Business Reports for two-factor authentication is noisy

dhalonen
dhalonen
Community Member
in Business and Teams

Guys, MS Office365 has the ability to enforce 2FA and is controlled by those administrators. When 1Password flags an Office365 as not using 2FA is noise. The remedy is for each employee to visit that account/item and set the "ignore" flag (or worse yet, tag the item as "2FA", which somehow conveys to my users this will squelch the noisy warning). As it is, any discussion w/ employees involves a glorious explanation of the design (eyes roll to back of head...) and dismissal of concern.

As an administrator, the ability to eliminate this noise for very well known apps would be super helpful. In short the warning is noise and only introduces friction towards my team striving for conciencious (sp?) practices.

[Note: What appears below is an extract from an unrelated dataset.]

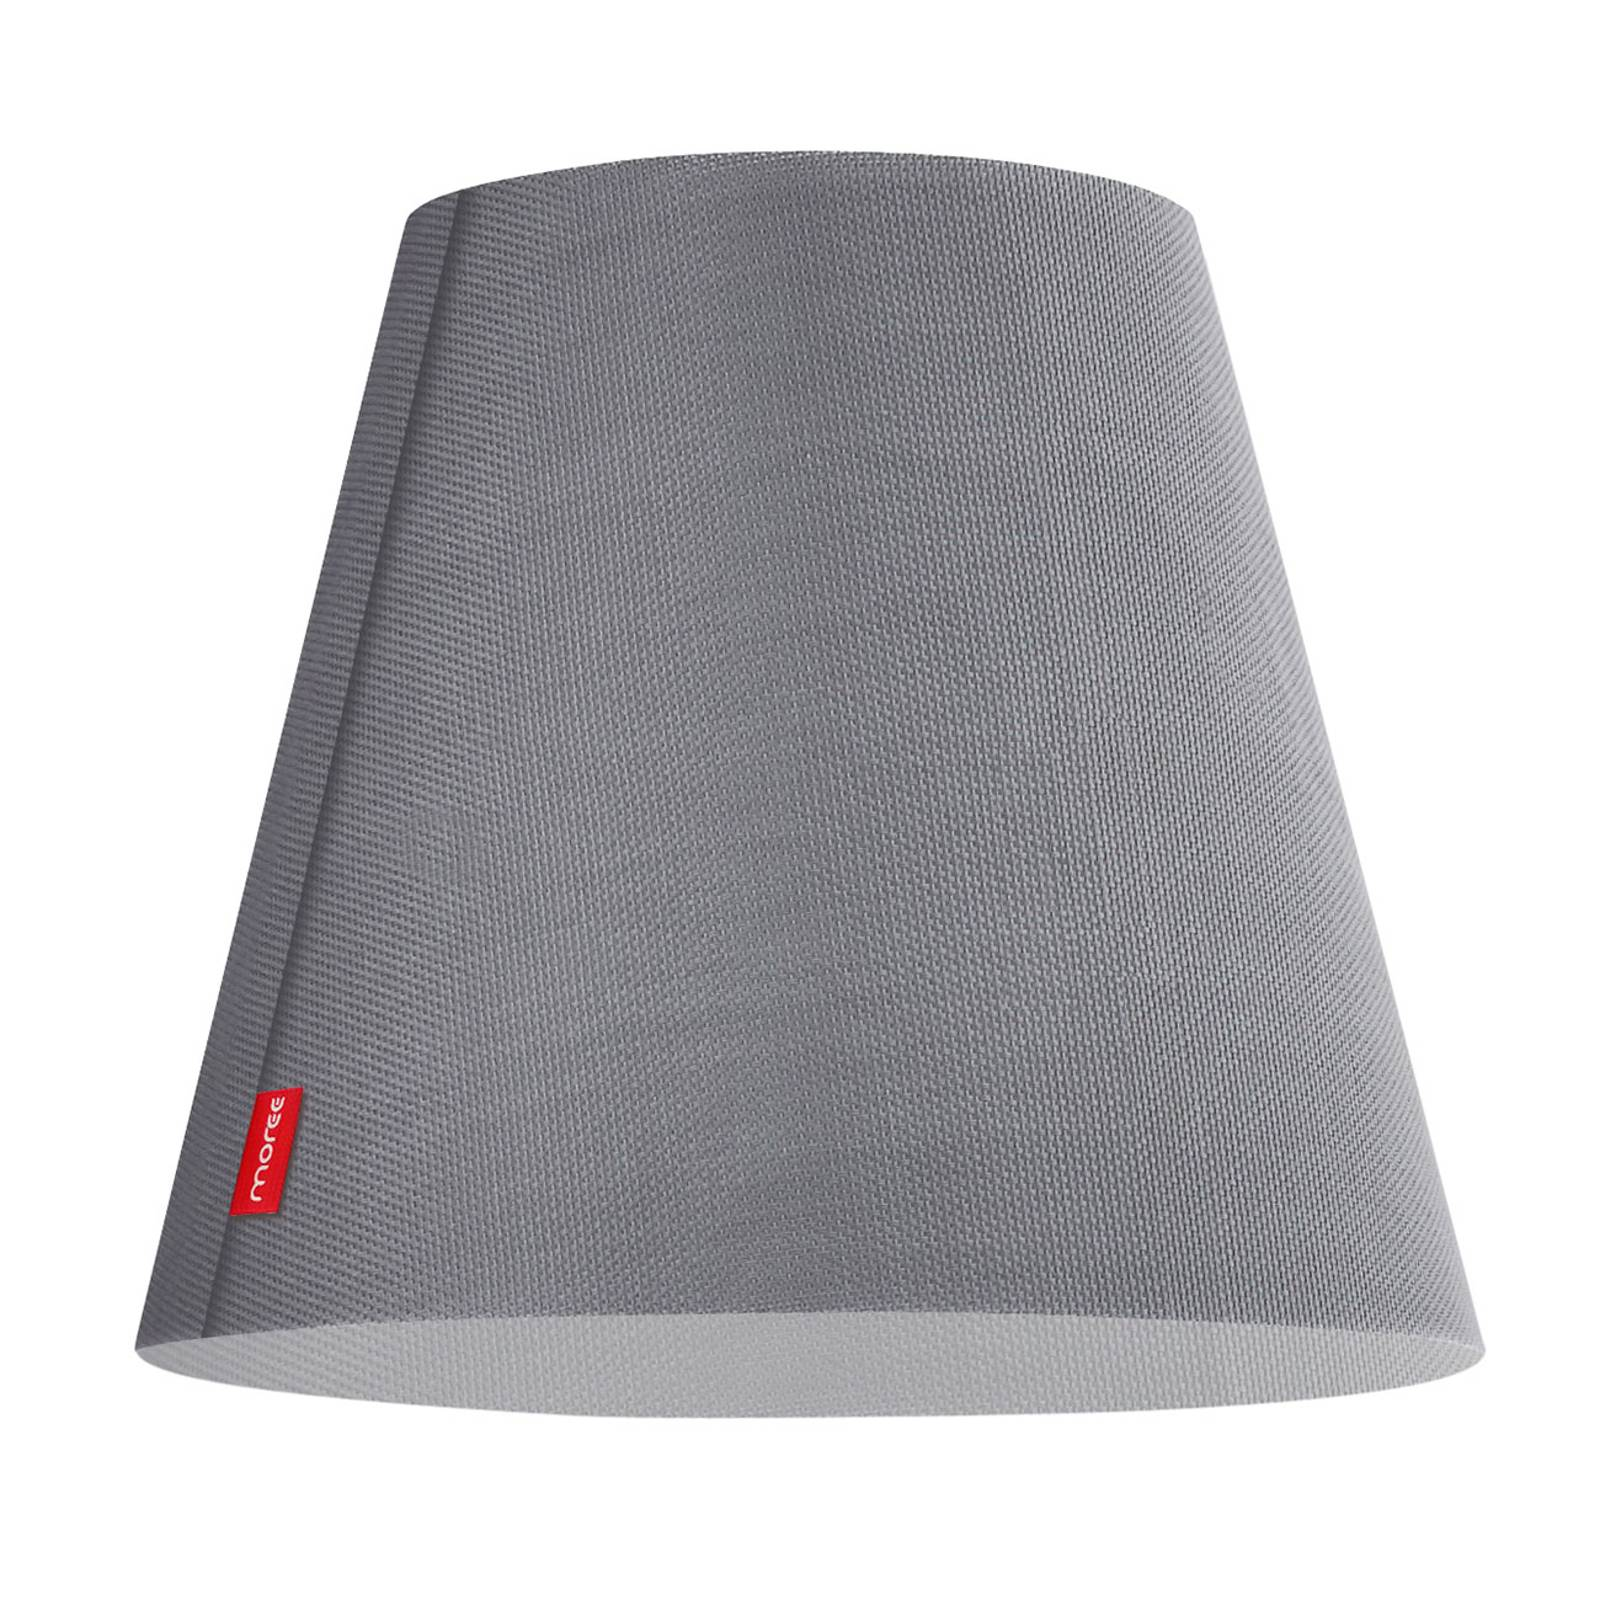 Swap Outdoor -lattiavalo, grey coated fabric
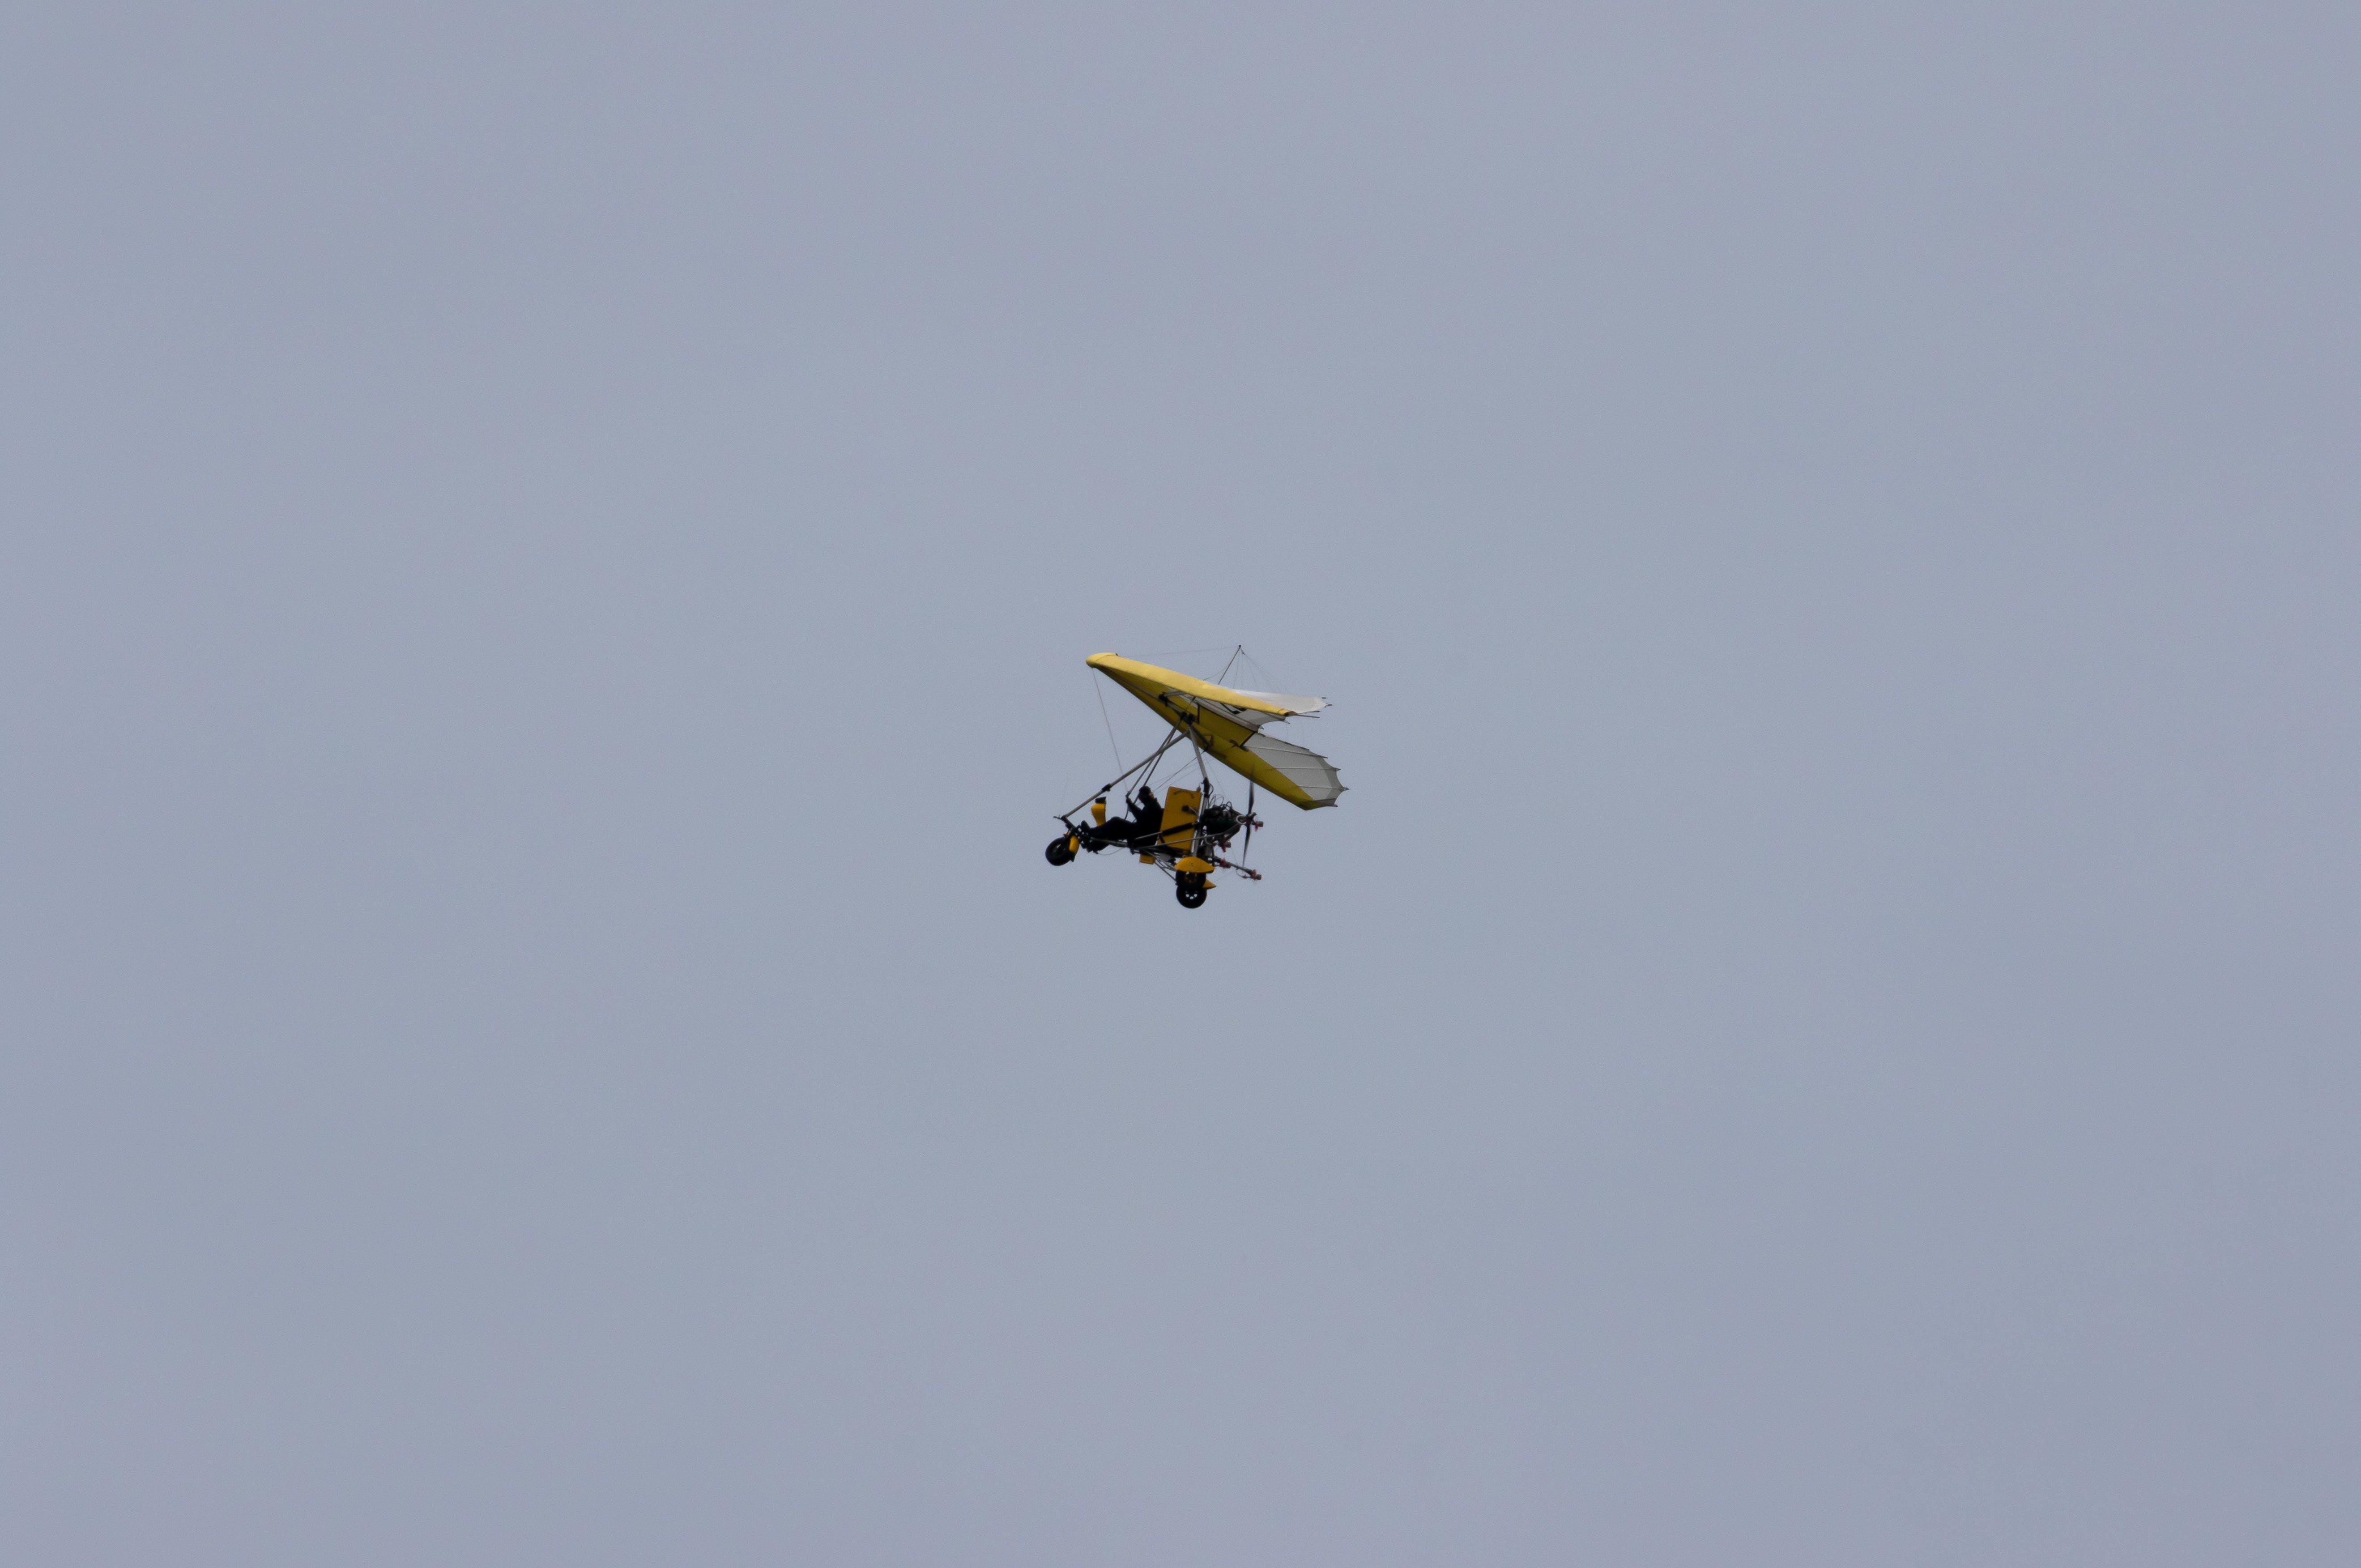 Free stock photo of adventure, aeroplane, blue sky, explore

I would love to hear of proposals. :)

1Password Version: Not Provided
Extension Version: Not Provided
OS Version: Not Provided
Browser: Not Provided

Comments

  • ag_tommy
    ag_tommy
    edited December 2024

    @dhalonen

    I see you have an open discussion with the team. If you're looking to include this feedback, feel free to include it in your email discussion. I've left this conversation here, so if you're looking for feedback on how other folks work with this, you might get a bit of a discussion going. Cheers!

  • dhalonen
    dhalonen
    Community Member

    Hi Tommy, I'm not sure what action I should take. Please advise.

  • ag_tommy
    ag_tommy

    @dhalonen

    To touch on your subject, the tag 2fa was introduced pre-1Password 8, which has the ability to ignore alerts. It's been around for quite a while. Similarly, I think the tag http also quells the notifications for sites that do not support https. It's been a long time since I used the http tag method. They both go back to the day when folks sought to make those warnings less obtrusive. I used them myself for years.

    Would I be correct in thinking you're looking to disable all notifications of this type as a once-and-done type of situation? If so, I can file a feature request on your behalf. The other option, which is more nuclear, would disable Watchtower itself, and I generally don't recommend folks take that action. It provides beneficial information.

  • dhalonen
    dhalonen
    Community Member

    I'm seeking to reduce/eliminate tasks my employees have to do in order to maintain a strong security posture. Extra administrative effort on their part is a distraction and reduces the perceived value of 1Password & security.

    Whilst adding a tag may be trivial, many have zero interest is additional work or learning new stuff that can be avoided.

    The disabling would be for specific items, such as Office365 or GitHub or ... As an admin, I know MFA is required and the additional notification is not helpful. Notifications for say, a video production site used by our technical writers, would be helpful.

  • Dave_1P
    Dave_1P

    @dhalonen

    Thanks for the reply. I'm happy to file a feature request on your behalf. To clarify, are you enforcing MFA for the logins in question but you're not using 1Password as the authenticator app? Or are you choosing to not secure those accounts using MFA for certain reasons?

    I look forward to hearing from you.

    -Dave

  • dhalonen
    dhalonen
    Community Member

    We enforce MFA as a matter of policy & practice wherever possible. I encourage folks to use 1Password TOTP for almost everything.

    Critical accounts, (email, prod access, ...), are not a good idea (IMO) for 1Password inclusion and for those encourage a separate app.